Lindsley, who is retired but still, as he describes it, “fiddles around” with fruit flies to “keep out of trouble,” guided Goldstein throughout his career.
Lindsley gave the undergraduate his first bench in the lab and later recommended him to his friend, geneticist Larry Sandler at the University of Washington in Seattle.
Goldstein became good friends with a fellow graduate student named Connie Holm. Neither heard wedding bells at the time.
After graduating with his Ph.D. in genetics in 1980, Goldstein was off to pursue his post-doctoral work at the University of Colorado in Boulder.
He joined the laboratory of a cell biologist, much to the dismay of his graduate adviser.
Goldstein explains that back then, the field of biology was separated into subdisciplines that worked totally independent of each other.
So when Goldstein, a trained geneticist, told his adviser he wanted to pursue cell biology, he was rejected.
Challenges and Rewards
But Goldstein wasn’t about to give in. He persevered and in 1983 was accepted to join Harvard’s prestigious faculty board as an assistant professor.
Goldstein however, negotiated to spend his first year at rival Massachusetts Institute of Technology, so he could learn a “new method for cloning genes.”
During that time, Goldstein also became reacquainted with his college friend Connie Holm, who at that time was doing her post-doctoral work at MIT.
They realized that their bond extended beyond science and were married in 1986. Holm had joined Goldstein as a Harvard faculty member in 1985.
After traveling extensively through Europe and pondering science together, the couple’s focus shifted following the birth of their daughter, Kelly, in 1990, and their son, Toby, in 1992.
In 1993, Goldstein decided it was time for a career move, too. He had become increasingly unhappy with Harvard’s lack of encouraging interdisciplinary work, though he doesn’t discount the institution’s brilliant scientists. He was eager to move on.

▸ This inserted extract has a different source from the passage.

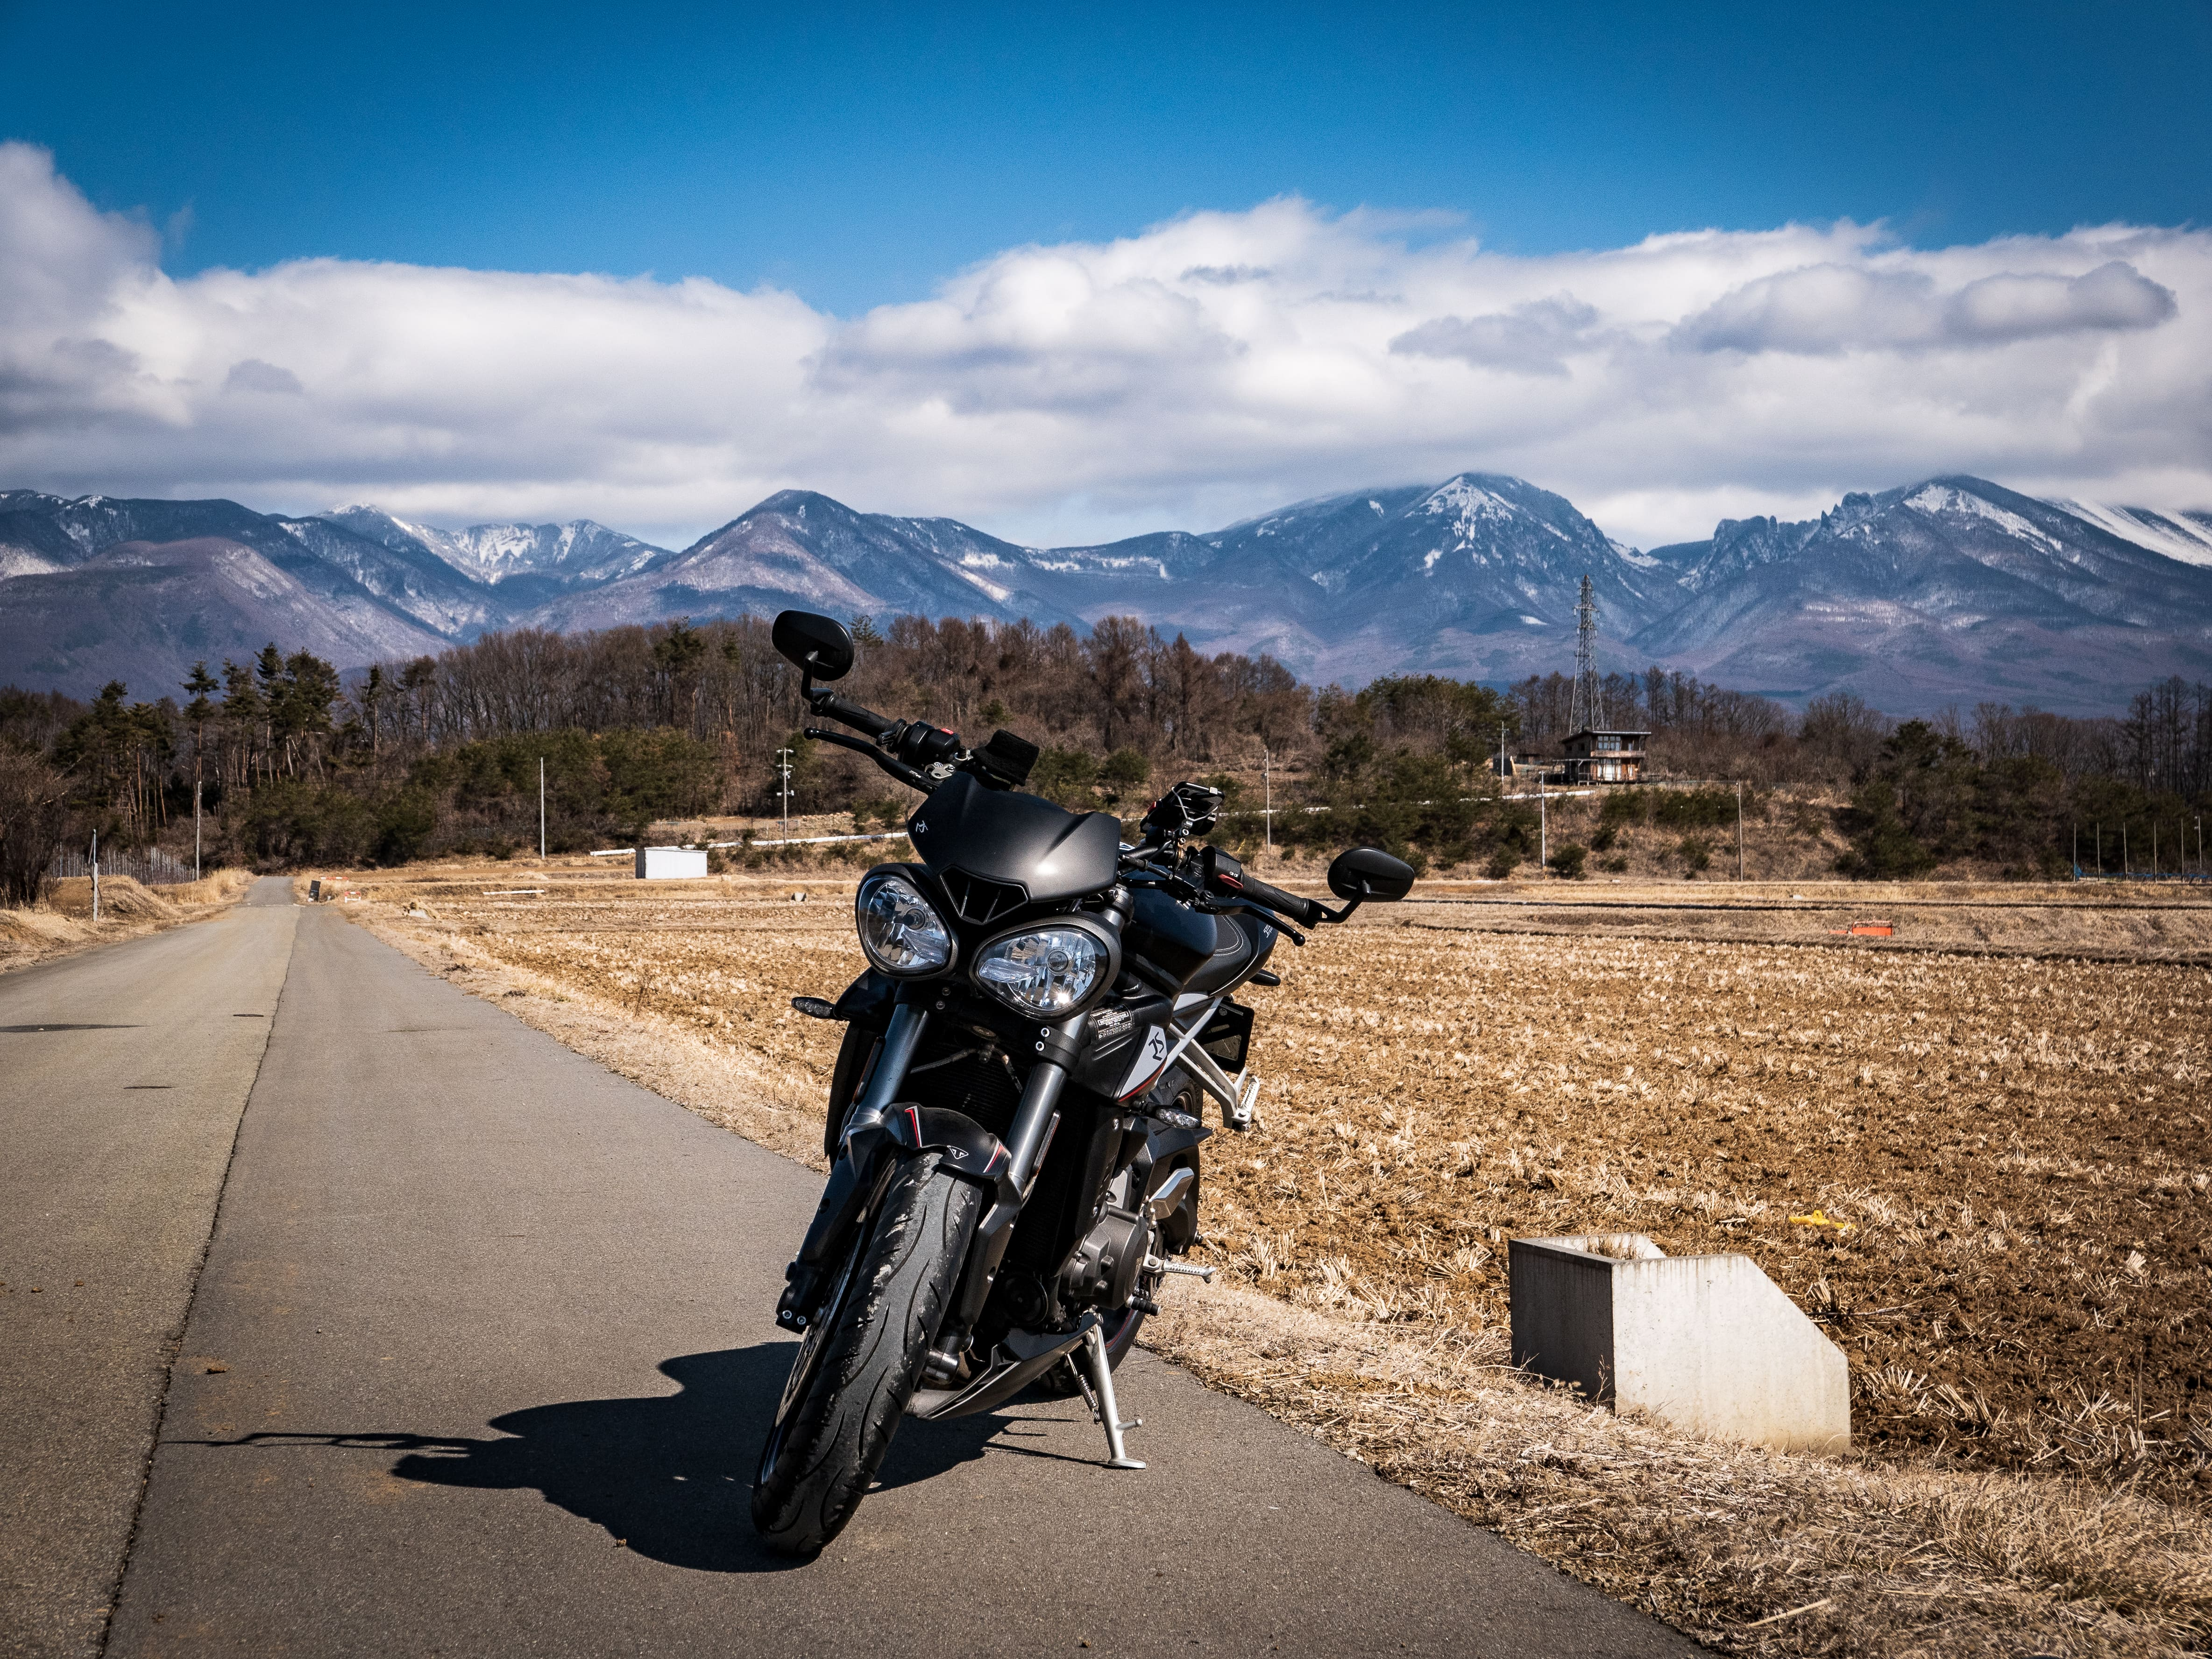 f:id:gaku-bikelife:20200304152157j:plain

UCSD offered what he wanted: an opportunity to investigate how things move inside cells, in particular neurons in two species, the drosophila and mouse. UCSD was also one of the first to recognize the value of intertwining all types of disciplines.

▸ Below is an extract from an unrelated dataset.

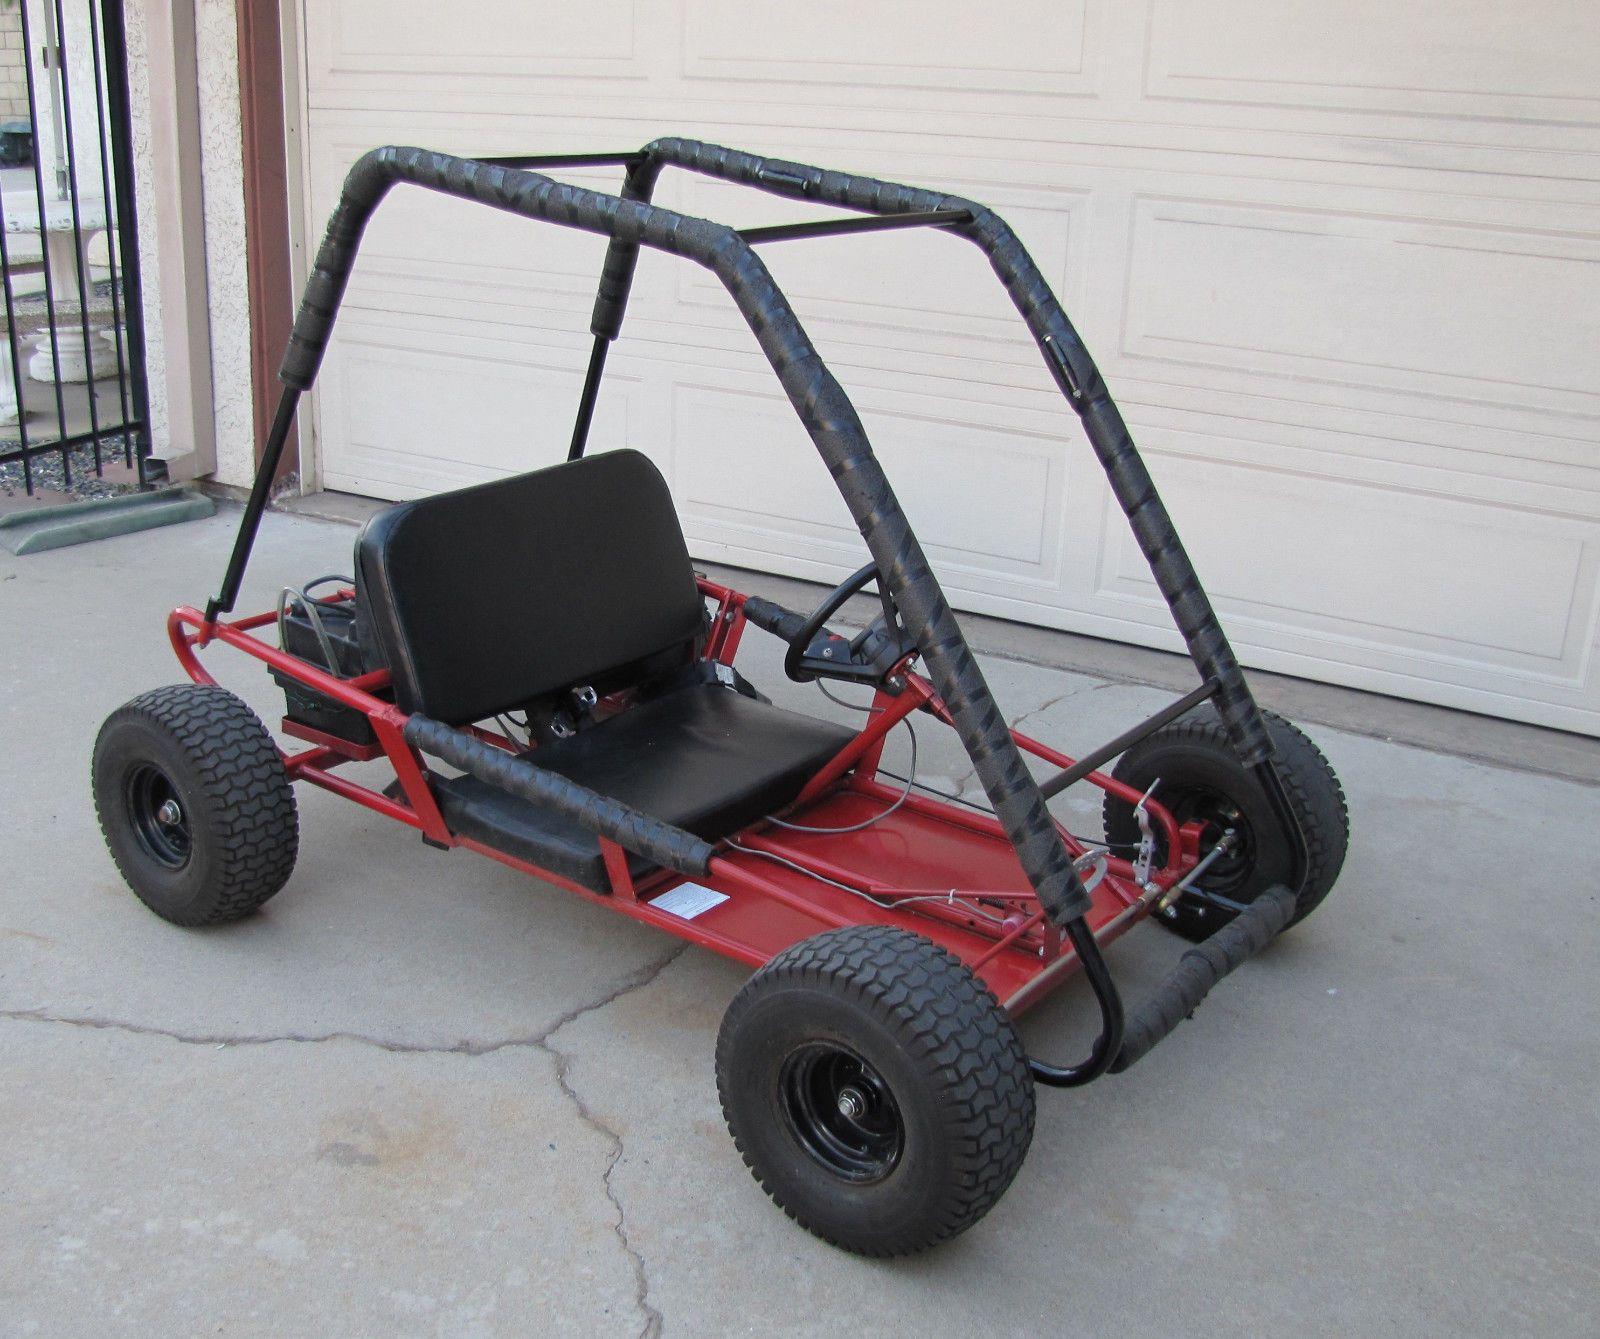 Working Kango Electric Go Kart Go Cart | eBay | buggy\'S | Pinterest ...

Lindsley applauded the university for recruiting Goldstein by saying UCSD was “lucky to get him.”
He described Goldstein’s lab as being an active one and says he’s also quite active himself.
“He’s quite the jock,” Lindsley says, then tells the story of Goldstein’s idea of a family vacation up the California coast.
He rides his bike, while his wife and kids drive the car to meet in between.
Dan Goldstein also says he wouldn’t dare try to compete against his brother.
“He’s kind of like a goat , he’s got an exceptionally strong build,” Goldstein says.
The next major hurdle for Goldstein, however, requires more than that.
In 1998, Goldstein and fellow scientists from UC San Francisco and Stanford University founded Cytokinetics, a biotechnology start-up in South San Francisco that develops therapeutics targeting heart disease, cancer and other pathogens. Goldstein says he hopes the Food and Drug Administration will approve safety trials next year.